Excluding the paper sector, we find that increased ICT share in total capital significantly improves industry sustainability, so that a change in production volumes does not require a corresponding increase in GHG emissions. We also find significant evidence of a non-linear impact of ICT across all sectors. In the metal and transport sector in particular, we find that increased ICT capital relative to gross output has improved the emissions per output of the industry at a diminishing rate.
Furthermore, we find that achieving reductions in GHG emissions using ICT is expensive relative to other abatement technologies. These results suggest that future investments in ICT must be carefully vetted for cost and an ability to reduce emissions in order to efficiently improve the climate impact of energy-intensive sectors in the long run.
We conducted eight case studies about the use of ICT for production engineering, energy use optimisation, and emissions monitoring. The results confirm, by and large, the important role for ICT in increasing sector sustainability, particularly through the use of ICT-based production optimisation, energy management, and emissions management systems.
The industry and expert surveys conducted for this study further show a recent increase in adoption of these systems (and persistently weak market incentives for adoption of emissions-management systems, in particular).

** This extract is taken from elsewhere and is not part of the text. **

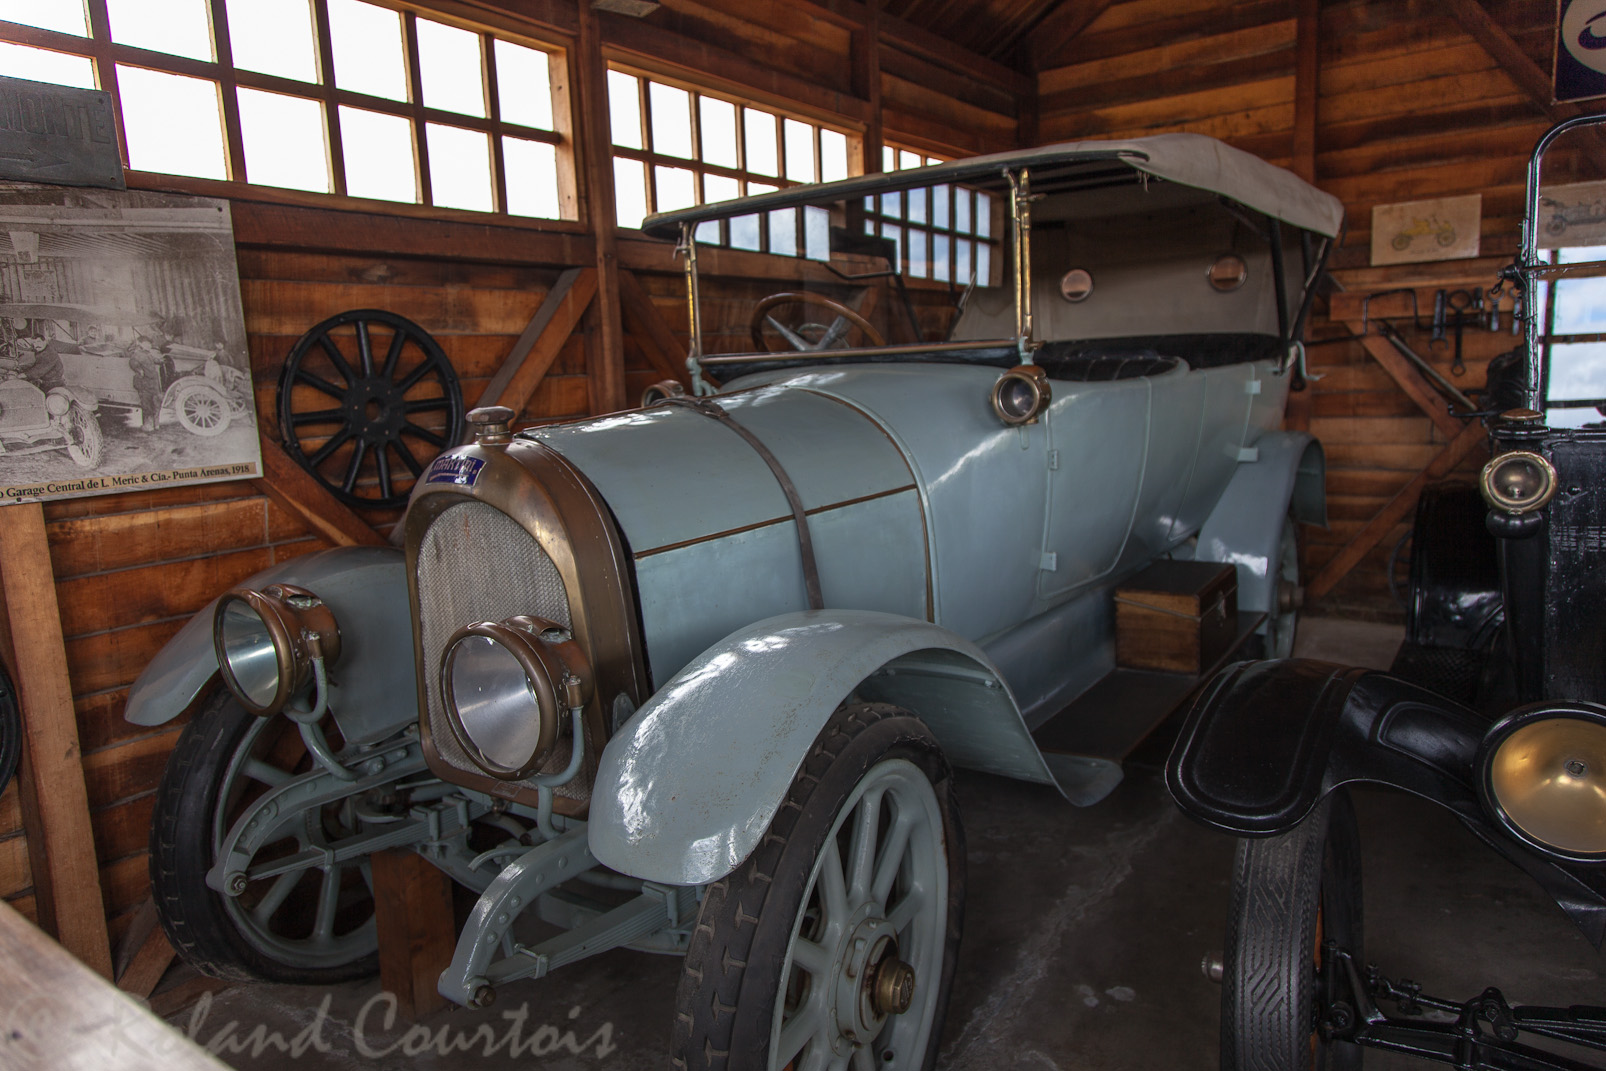 Dans le musée del Recuerdo, quelque voitures anciennes.

This provides an optimistic context for the econometric results.
While historical impact of ICT on industry emissions is distinct but limited, increased adoption and awareness sector-wide suggest that empirical evidence for the role of ICT in sector sustainability will improve in the future.
Above all else, we advise that the best way to reduce GHG emissions in energy-intensive industries is to allow the market to determine the most efficient technology - whether it is ICT-based or not - through a sufficiently high price for carbon (sufficiently low carbon caps) in the framework of the European Union Emissions Trading System (EU ETS).
However, our analysis also indicates need for indirect policy support to foster the development and wider adoption of ICT that supports energy management and emissions management systems. Documentation and publication of best practises, financing support for research and development, encouragement of cross-sector cooperation for ICT development and cultivation of a greater awareness of climate change concerns will all incentivise the needed development and adoption of these ICT-based systems.
Furthermore, we suggest a particular attention to new Eastern European member states and the transport sector, where emissions reductions are most needed but ICT has not yet been proven to be emissions-reducing.
Finally, we emphasise the need for standardised emissions accounting and reporting systems in order to increase the credibility and competitiveness of European energy-intensive firms and to facilitate further useful analysis that builds on this report's conclusions.